The technical indicators for AFRM are bearish. The MACD is below 0 and negatively contracting, the RSI is neutral at 43.716, and the moving averages show a bearish trend (SMA_200 > SMA_20 > SMA_5). The stock is trading below its pivot level of 51.195, with support at 47.171 and resistance at 55.219.

Analysts highlight promising new partnerships, such as with Intuit, and the potential of new AI-driven tools like AdaptAI/BoostAI to improve growth and margins.
Net income dropped significantly by -180.52% YoY, and EPS fell by -174.19% YoY. Insider selling has increased by 9784.32% over the last month.
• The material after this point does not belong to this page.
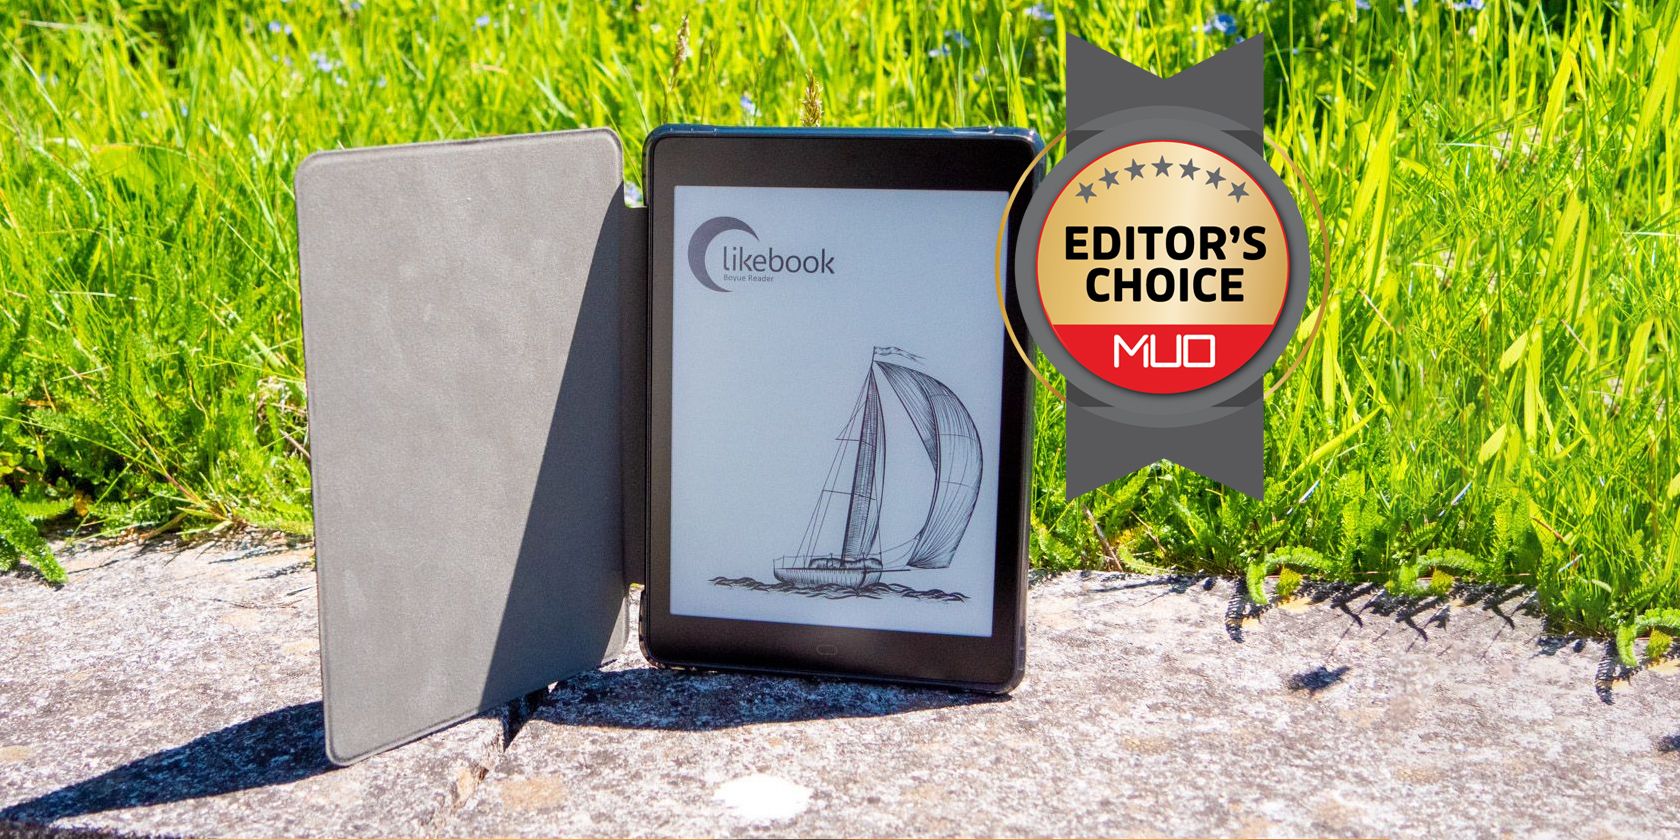 boyue likebook p78 editors choice

Analysts have lowered price targets across the board, citing macro risks, competition from Klarna and PayPal, and concerns over Affirm's credit products. Additionally, the stock has an 80% chance of declining -1.71% in the next day and -3.58% in the next month.
In Q1 2026, Affirm's revenue increased by 33.62% YoY to $933.34 million. However, net income dropped by -180.52% YoY to $80.69 million, and EPS fell by -174.19% YoY to 0.23. Gross margin slightly improved to 92.33%, up 0.11% YoY.
Analyst sentiment is mixed. While some analysts maintain a Buy rating, many have lowered their price targets, reflecting concerns over BNPL competition, macro risks, and potential delinquencies. Recent price targets range from $55 to $100, with a general trend of downward revisions.